Guide

Target Selection and Conditions in WoW Pilot

A short explanation of how target selection works for spells and items in WoW Pilot, and how it differs from trigger conditions.

Each WoW Pilot rotation item has two important settings: Target Selection and Conditions.

In short: target selection defines who the spell or item will be used on, while conditions define when that action is allowed to happen.

How WoW Pilot chooses an action

The rotation is read from top to bottom. The higher an item is in the list, the higher its priority.

When the addon checks the rotation, it looks for the first item that can be used right now. Each item first goes through built-in base checks:

  1. the item is enabled;
  2. the spell or item is ready;
  3. the character has enough resources;
  4. the selected target is in range, if range can be checked correctly for that item.

WoW Pilot runs these checks automatically before using the item. So in most cases, you do not need to add separate conditions for spell readiness, cooldown, mana, or range.

There is one important detail about range: the automatic check works best for single-target spells that are used on a specific unit. If the spell is group-wide, area-based, or not directly cast on one target, range checking may be unavailable or may not behave as expected. In those cases, it is better to add a separate Spell Reaches Target condition and check range through another single-target spell with a similar range.

For example, Mark of the Wild is cast on one target. You can use it to measure range for Gift of the Wild, so the rotation does not suggest the group buff while one party member is too far away.

Only after the base checks does WoW Pilot evaluate the conditions you added manually. If all added conditions are true, the item can be selected.

If all checks pass, WoW Pilot shows this item in the addon window, and the combat assistant presses the required key.

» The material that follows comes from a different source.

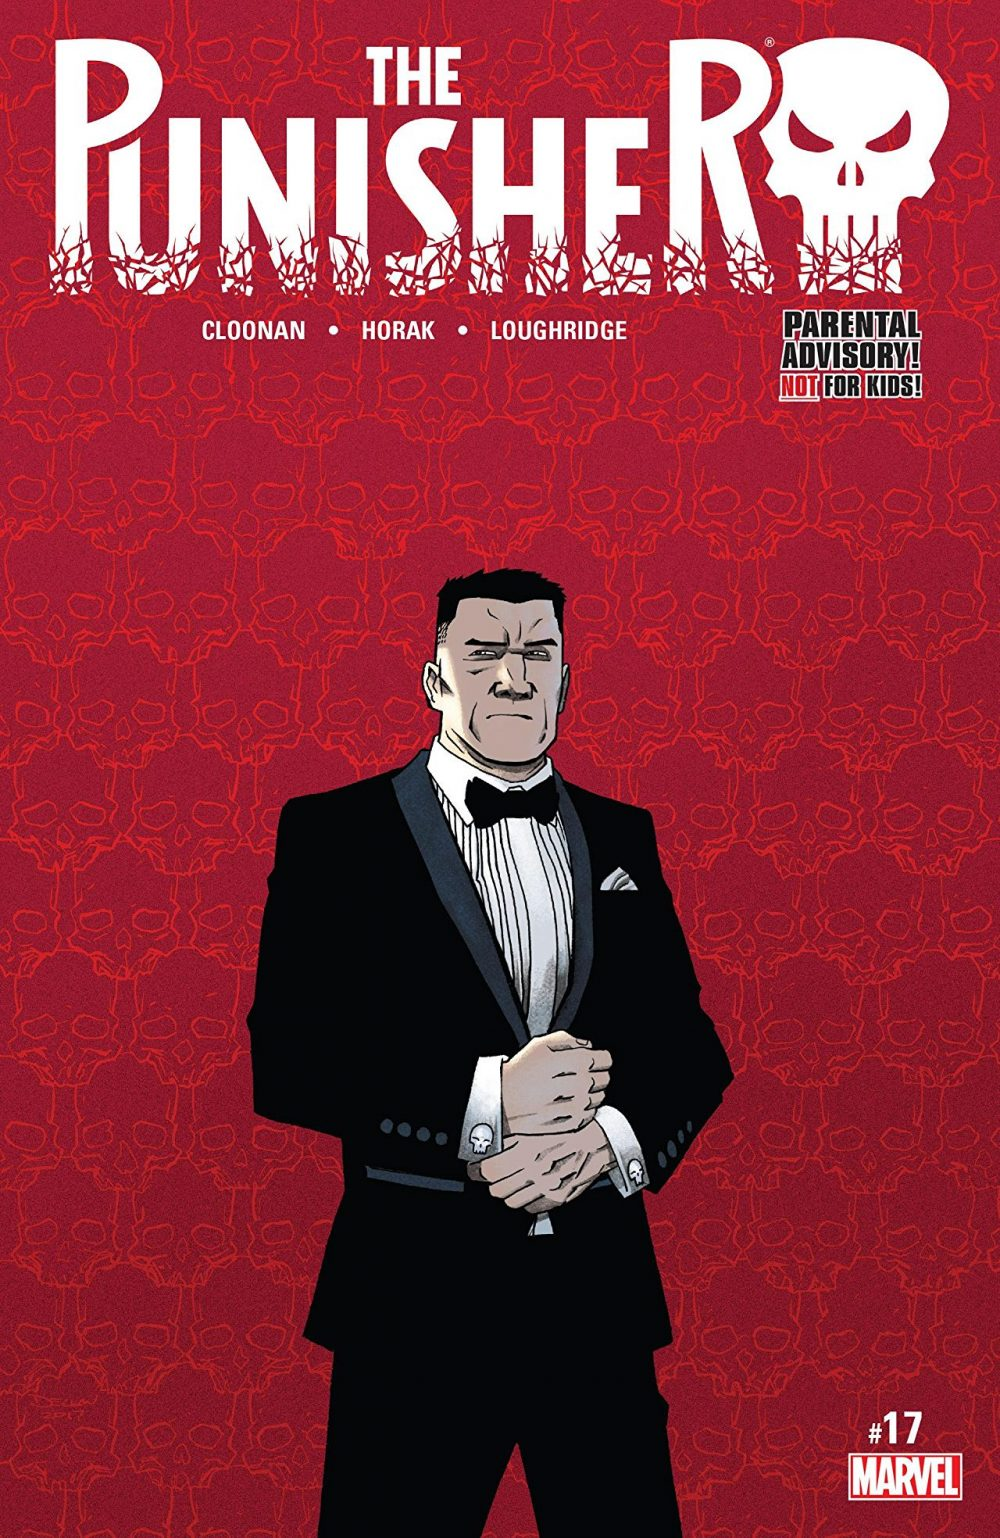 the punisher #17, copertina di declan shalvey

What target selection means

Target Selection only controls where the action is applied.

For example:

  • Target - use on the character’s current target;
  • Player - use on yourself;
  • Focus - use on focus;
  • Pet - use on your pet;
  • Teammate - scan allies in the party or raid, find the first one that matches all item conditions, and use the item on that ally.

Do not mix this up with conditions. If an item is set to Player, the spell is used on your character. If it is set to Focus, it is used on focus. If it is set to Teammate, this is not one fixed target. It is a special search mode: WoW Pilot checks party or raid allies one by one.

With Teammate selected, each checked ally is temporarily treated as the target for that item’s conditions. So if you want to check that ally, use target conditions. For example: target health < 50% means “find an ally whose health is below 50% and heal that ally.”

What conditions mean

Conditions answer the question: “Can this item be used right now?”

Conditions can check different things:

  • player state: health, mana, buffs, movement, combat;
  • selected target state: health, debuffs, range, casting;
  • focus, pet, party, or raid state;
  • spell readiness, cooldowns, rotation modes, and other parameters.

All conditions inside one item work together. If you add several conditions, all of them must be true. If even one condition fails, the item is skipped, and WoW Pilot checks the next item below it.

Simple example

Suppose we configure a heal:

  • item: Flash Heal;
  • target selection: Teammate;
  • conditions: target health is below 60%, and the spell is in range.

In this case, WoW Pilot will not simply cast the heal on the current target. It will scan party or raid allies, temporarily check each one as the target, find the first ally with low health, and suggest casting the spell on that unit.

Another example:

  • item: Fireball;
  • target selection: Target;
  • conditions: player is in combat, target is hostile.

This item will be used on the current target only when every check is true.

Common mistake

Beginners often try to use conditions to decide who should receive a spell. But conditions do not choose the cast direction. They only allow or block the item.

The correct logic is:

  • first set target selection - who the item should be used on;
  • then add conditions - when the item should trigger.